Извините. — Иона потянулся за фисташками и с треском разломил одну из них.
Впрочем, женщина ухе не слушала его, ей неважен был ответ: она знала, каким он будет. Она встала из-за стола и направилась к стойке. У нее оказалась идеальная фигура. Настолько идеальная, что даже Марк с Ионой бросили в ее сторону машинально-заинтересованный взгляд.
— Безутешная вдова покойного? — ревниво спросила Инка, она не терпела ничьего превосходства.
— Подруга. — Иона отвел взгляд от женщины и повернулся в сторону Ольги. На Инку он даже не посмотрел.
— Не переживай, душа моя, по приезде куплю тебе зеркальце, которое всегда будет высвистывать тебе, что именно ты на свете всех милее, всех румяней и белее, — промурлыкал Марк Инке. — Может быть, хоть тогда ты успокоишься.
— Спасибо, зеркальце у меня уже есть.
Ди-джей, сидевший на возвышении в глубине зала, завел какую-то старую виниловую пластинку. Ольга сразу же узнала музыку, выплеснувшуюся из динамиков: ну, конечно же, тема из «Мужчины и женщины» с приглушенно-страстным французским речитативом.

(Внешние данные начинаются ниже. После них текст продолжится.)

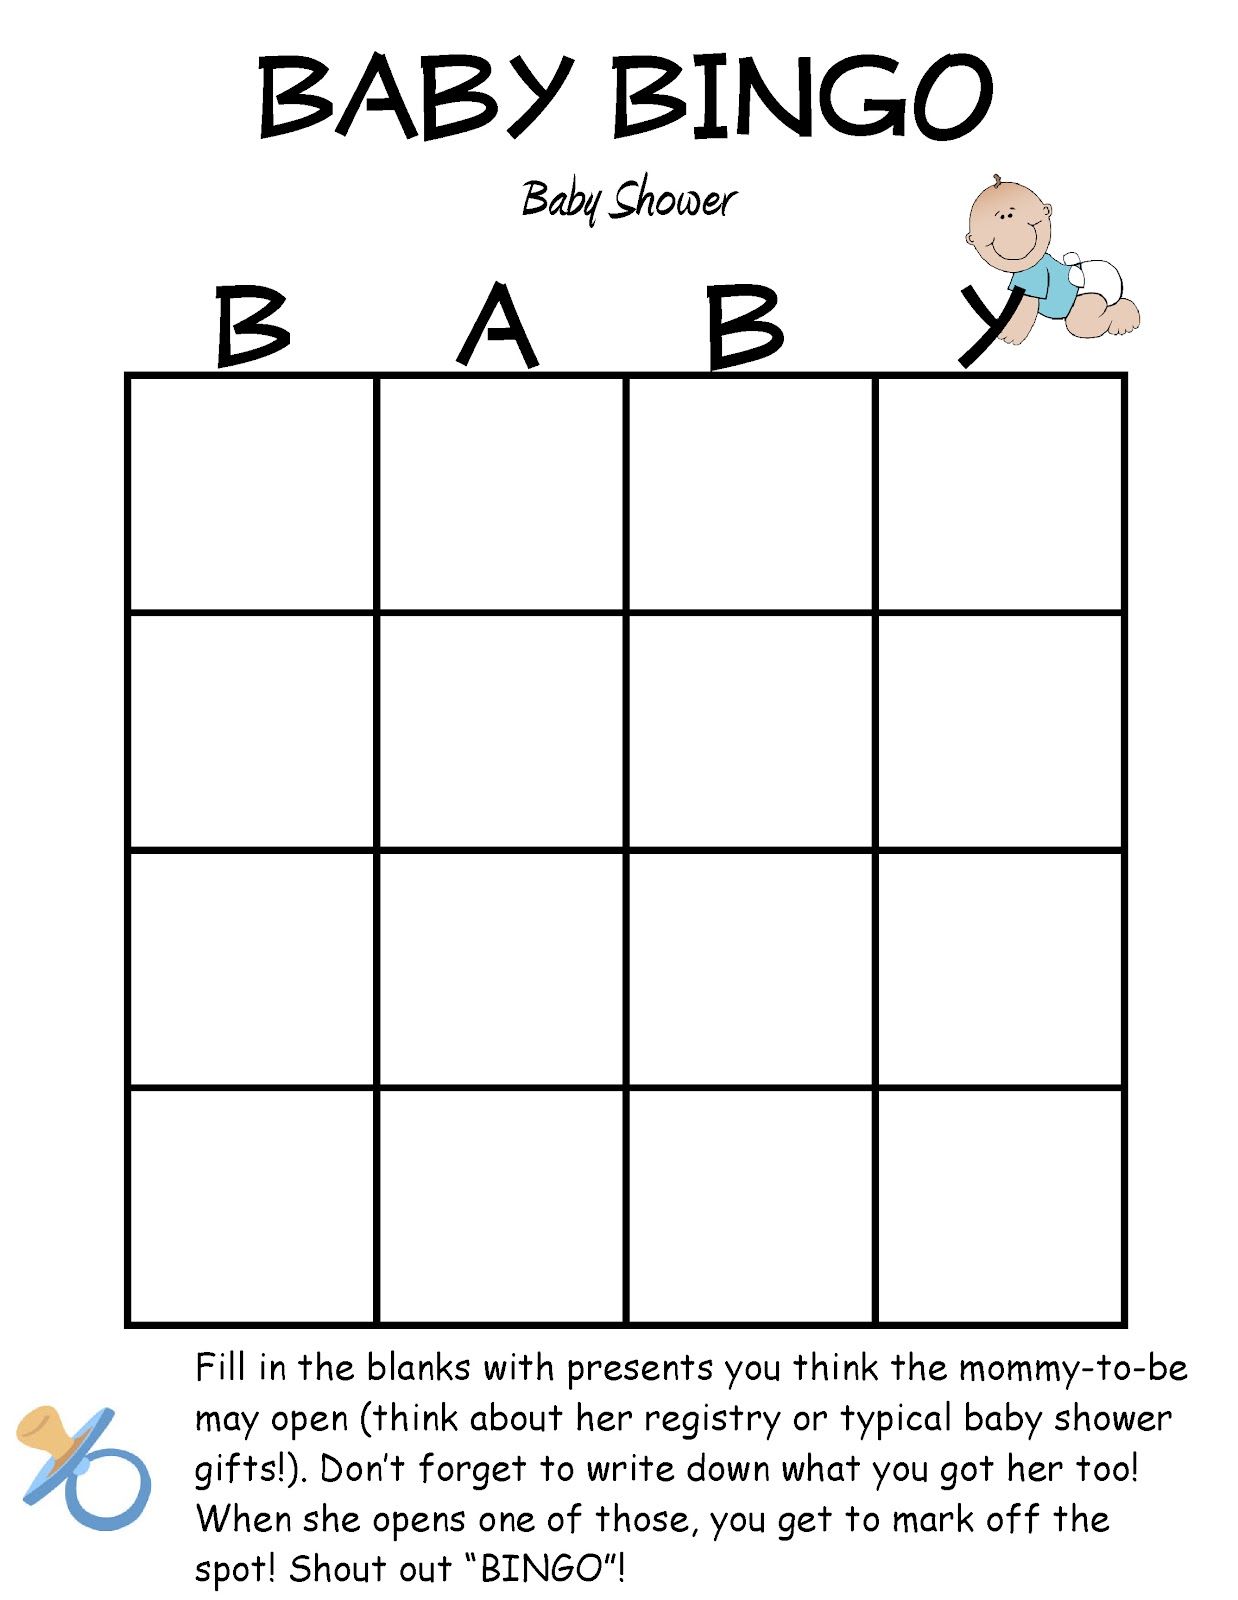 downloadable-50-free-printable-baby-domain-7o-cards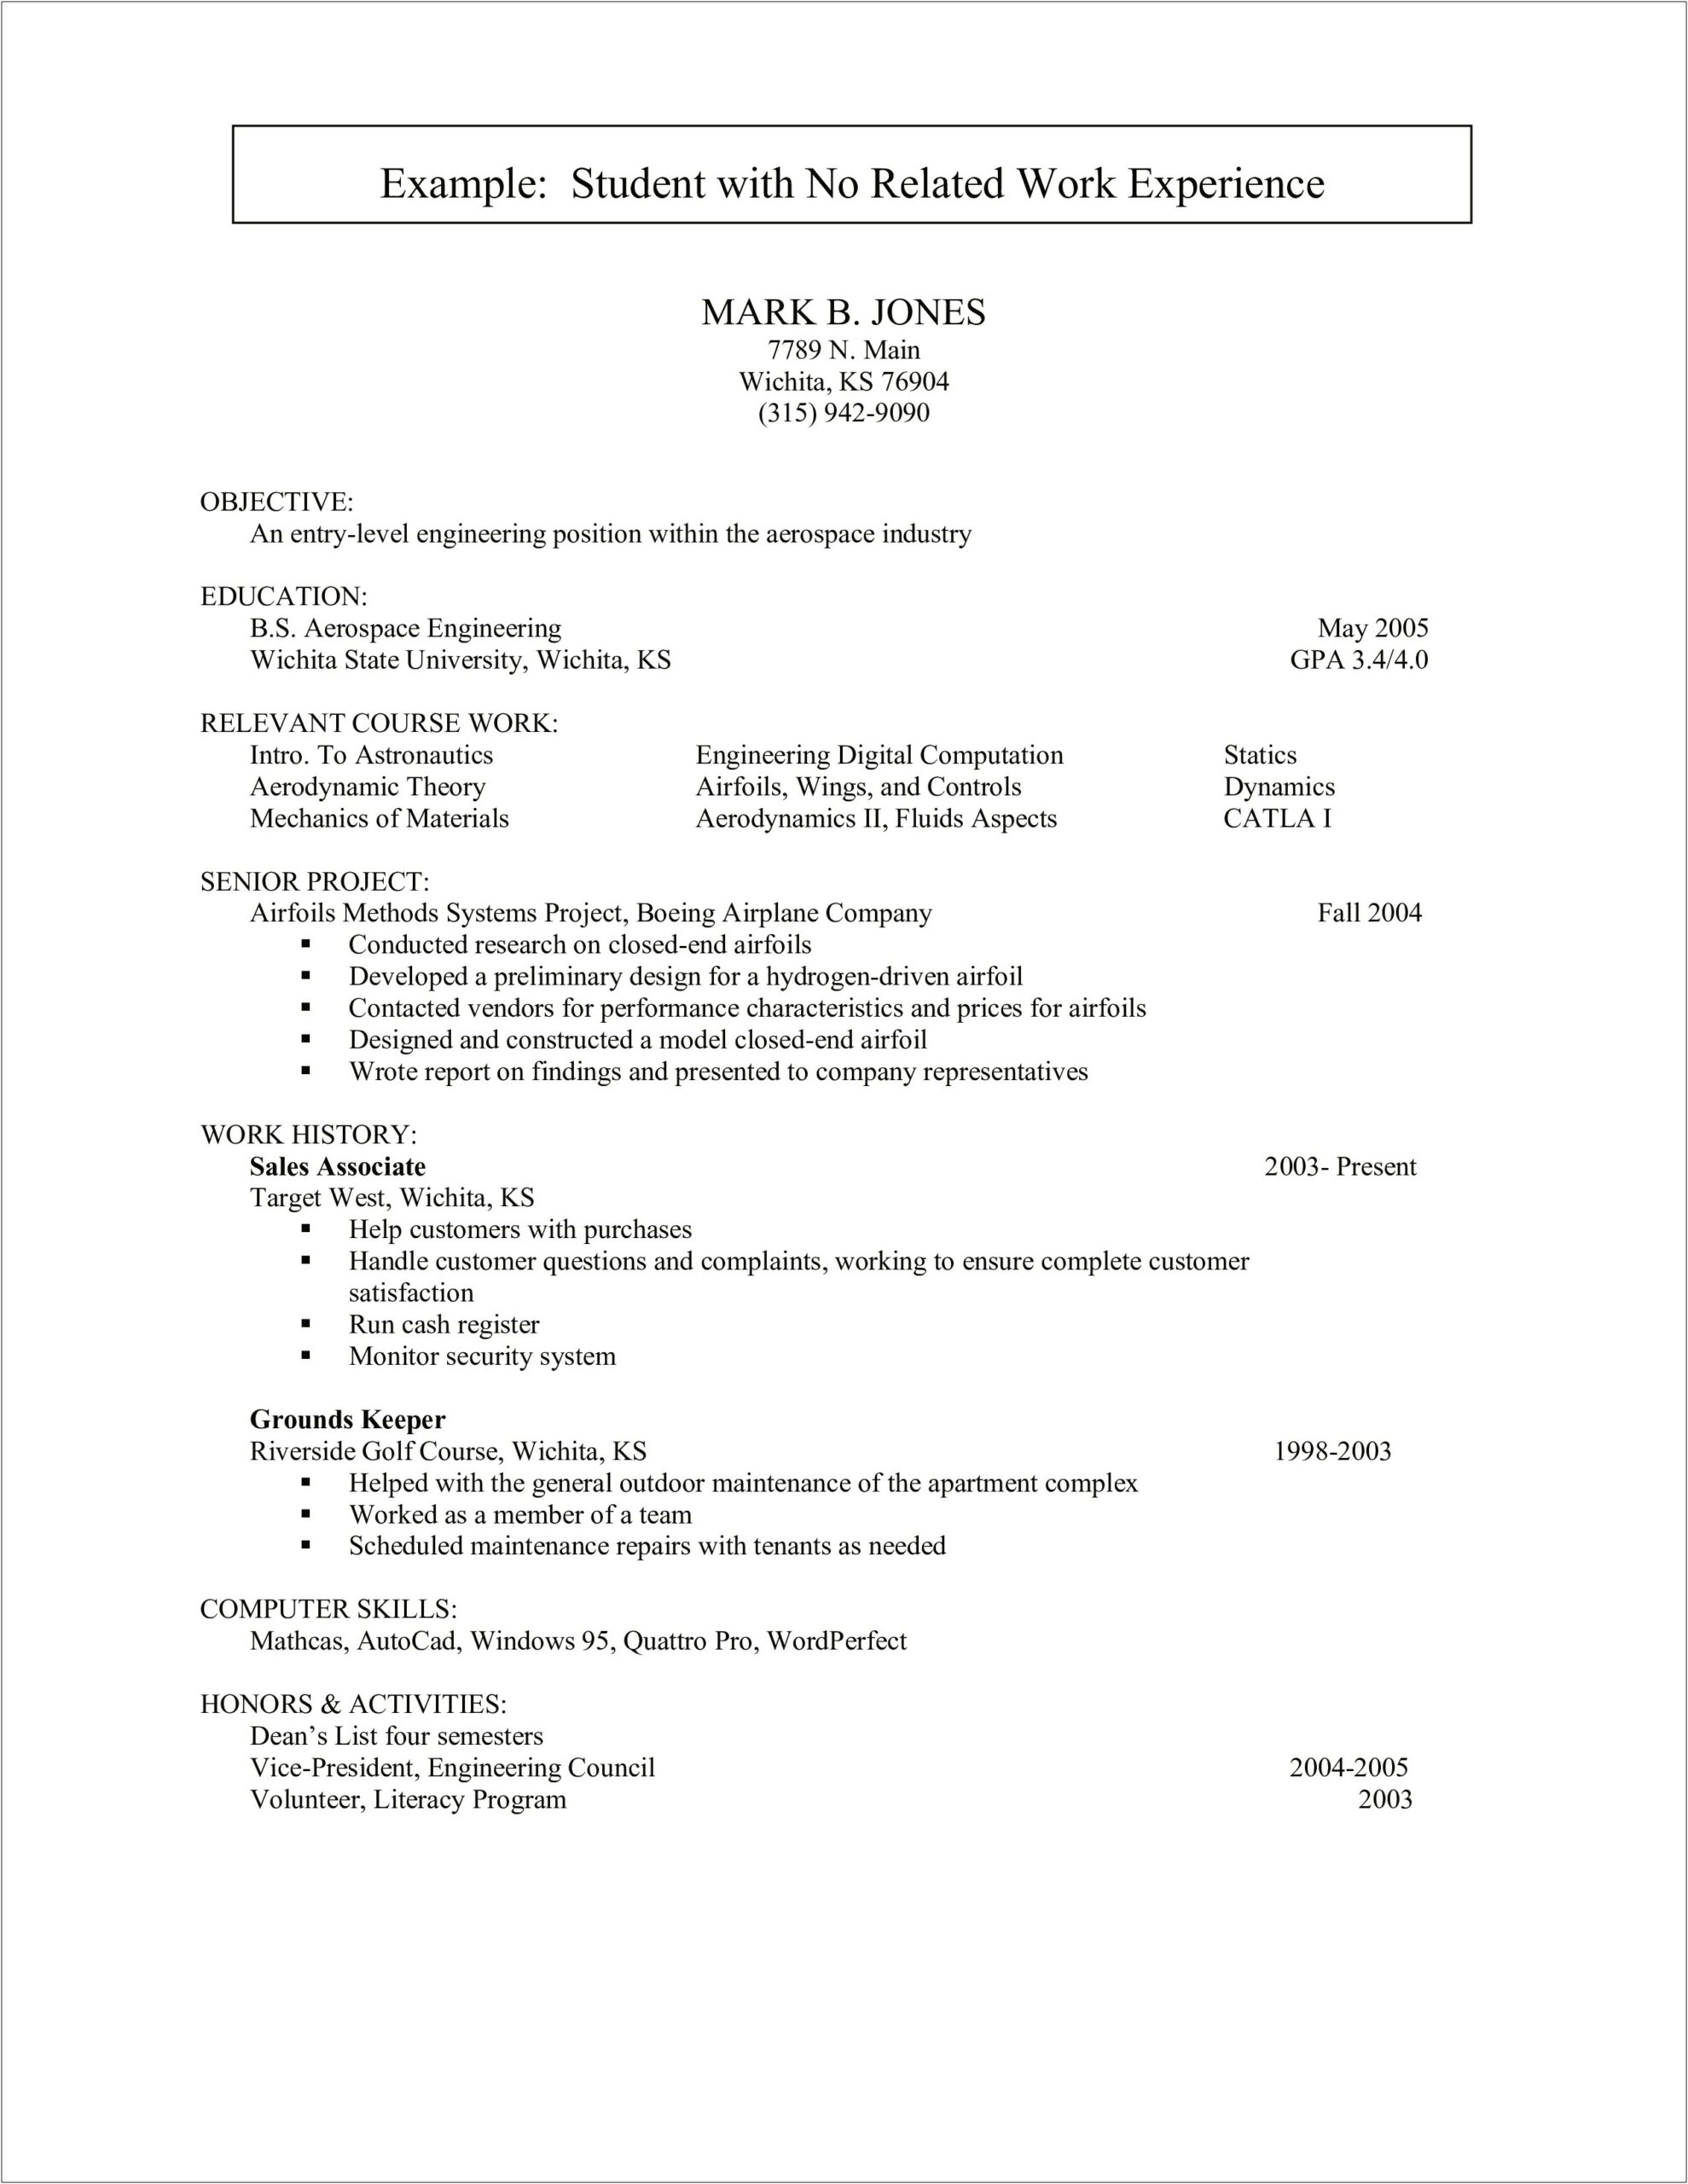 Resume Objective Examples No Work Experience

Казалось, Инесса только этого и ждала.
— Можно вас пригласить, Иона? — спросила она томным голосом. — Это моя любимая вещь.
— Я не танцую, — железобетонный Иона спутал Инке все карты: непростительная глупость с его стороны.
За столиком повисло молчание. Но спустя несколько секунд Инка взяла себя в руки.
— Объясни своему братцу, что не принято отказывать красивым женщинам. Они этого не прощают. И тогда тебя находят в собственной кровати с перерезанным горлом, — сказала она Марку.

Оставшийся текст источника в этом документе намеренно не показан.